Note the choice of memory orders: when CAS succeeds, we use memory_order_release, which guarantees that the writes to next and data in the new node complete before the CAS succeeds, so other threads that read the new value of head_ via memory_order_acquire are guaranteed to see those writes. When CAS fails, memory_order_relaxed is sufficient—nothing was changed, so no synchronization is needed. The initial load of head_ also uses memory_order_relaxed, because the real synchronization is guaranteed by the memory order of the CAS operation itself.
pop: Removing a Node from the Top
std::optional<T> pop()
{
Node* old_head = head_.load(std::memory_order_acquire);
while (old_head) {
Node* next_node = old_head->next;
if (head_.compare_exchange_weak(
old_head,
next_node,
std::memory_order_acquire,
std::memory_order_relaxed)) {
// CAS 成功,old_head 已经从栈上摘下来了
T value = std::move(old_head->data);
// ⚠️ 这里有一个严重的问题:什么时候 delete old_head?
return value;
}
// CAS 失败,old_head 已被更新为最新值,重试
}
return std::nullopt; // 栈空
}The logic of pop is also quite intuitive: read the current top of the stack, note its next, and then try to use CAS to swap head_ from old_head to old_head->next. If successful, old_head has been detached from the stack, and we extract its data and return.
But—things aren't over yet.
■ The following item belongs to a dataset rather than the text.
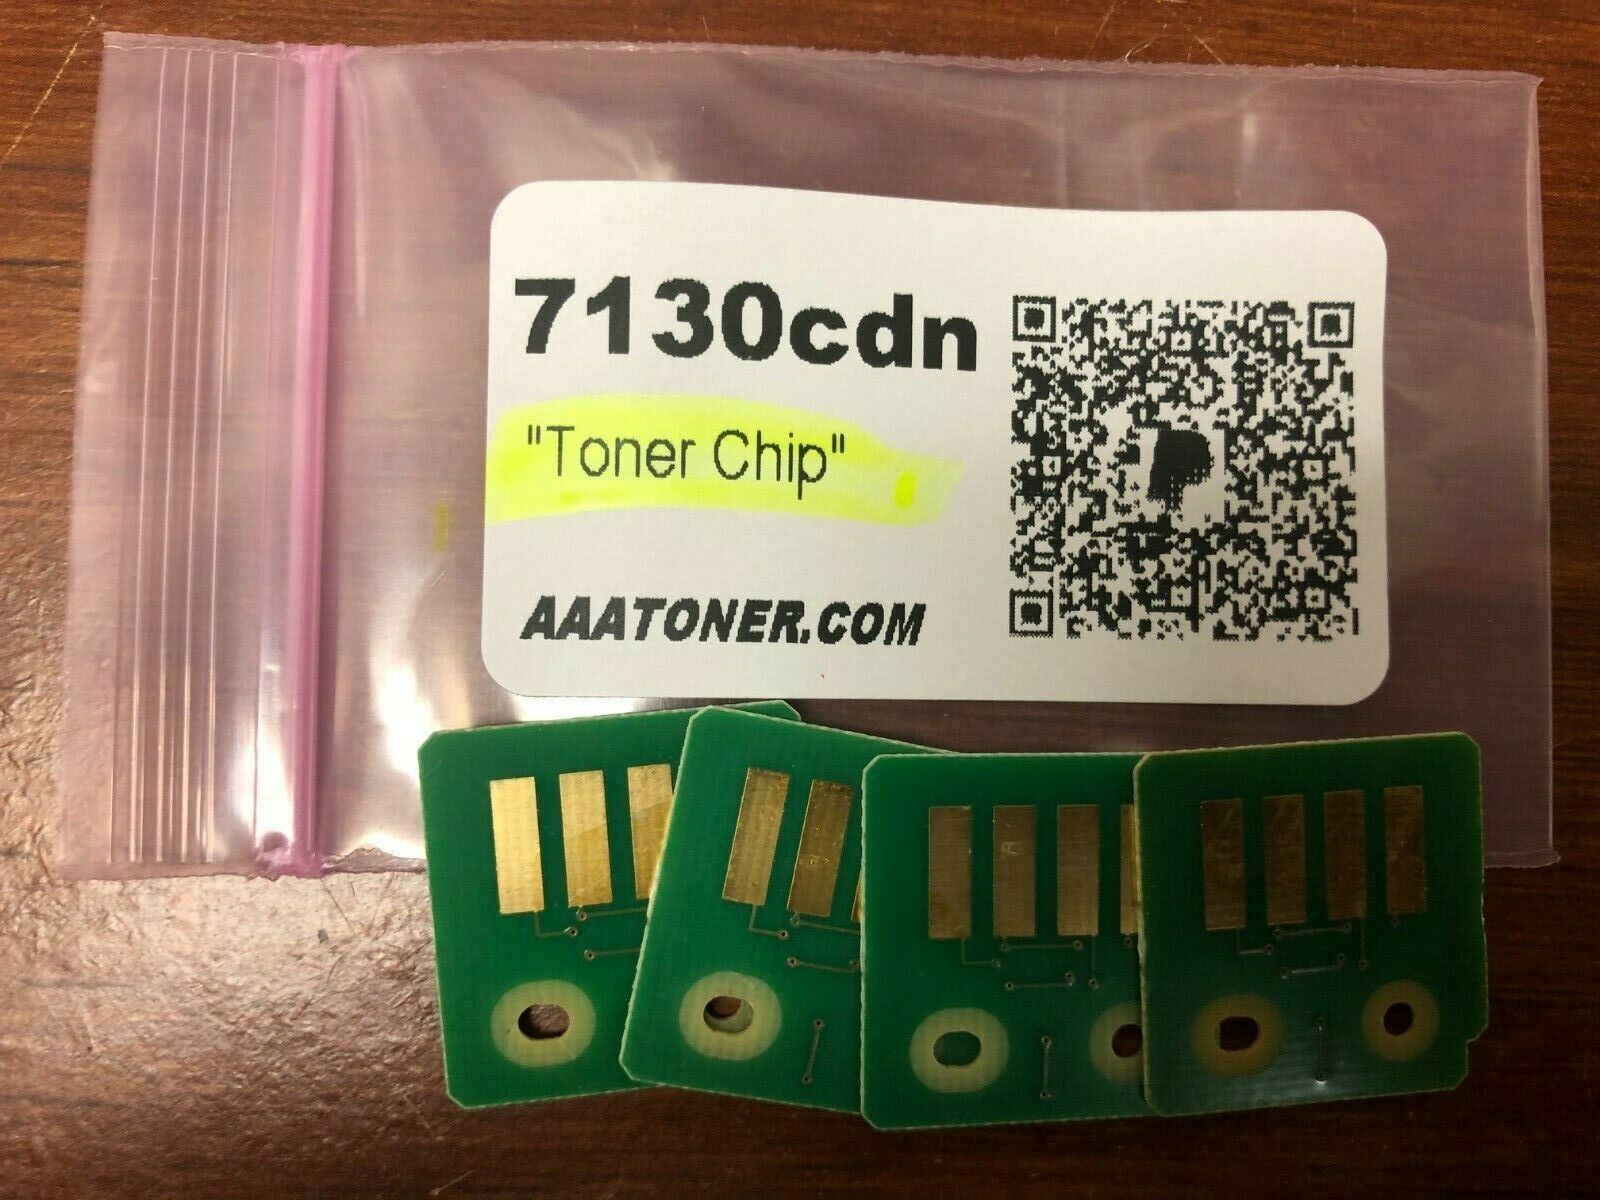 4 x Toner Reset Chip (BCMY) for Dell 7130cdn, 7130cdn Color Laser Printer Refill

There is a huge pitfall in this code, which the author has marked with a comment. We have old_head, and we know it has been detached from the stack, but we cannot immediately delete it. The reason is: before we executed CAS, other threads might have also read the same old_head and are currently accessing its next pointer. If we free old_head's memory right now, those threads would be accessing freed memory—use-after-free, a classic case of undefined behavior (UB). This problem cannot be solved by simply adding a std::atomic like a data race can—it is a logical-level lifetime issue.
This is the most notoriously difficult memory reclamation problem in lock-free programming. Let's set it aside for now and discuss it together after covering the ABA problem—the ABA and memory reclamation problems are intertwined, and it's hard to see the full picture if we look at them separately.
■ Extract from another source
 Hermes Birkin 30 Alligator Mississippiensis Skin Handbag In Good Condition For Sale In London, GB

The ABA Problem: CAS's Number One Trap
Next up is the most infamous bug pattern in lock-free programming—the ABA problem. If you've ever been asked about lock-free programming in an interview, chances are you've been asked about this too. It's famous not because it's hard to understand, but because it actually happens in practice, and once it does, it's extremely difficult to debug—the program won't crash; it will just silently produce incorrect results.
How ABA Happens
Let's demonstrate with a concrete scenario. Suppose two threads are operating on our lock-free stack, and the initial state is A -> B -> C, with A at the top.
Thread 1 starts executing pop: it reads head_, gets A, and prepares to execute CAS to swap head_ from A to B. But right before the CAS, Thread 1 gets suspended by the scheduler—this is where the trouble begins.
Thread 2 starts working at this point: it fully executes two pops, first popping A off (the stack becomes B -> C), then popping B off (the stack becomes C). Then Thread 2 pushes a new value, and by coincidence the allocator reuses A's memory address, so the new node's address is exactly the same as the previous A's. Now the stack is A' -> C, but this A' has the exact same address as the previous A.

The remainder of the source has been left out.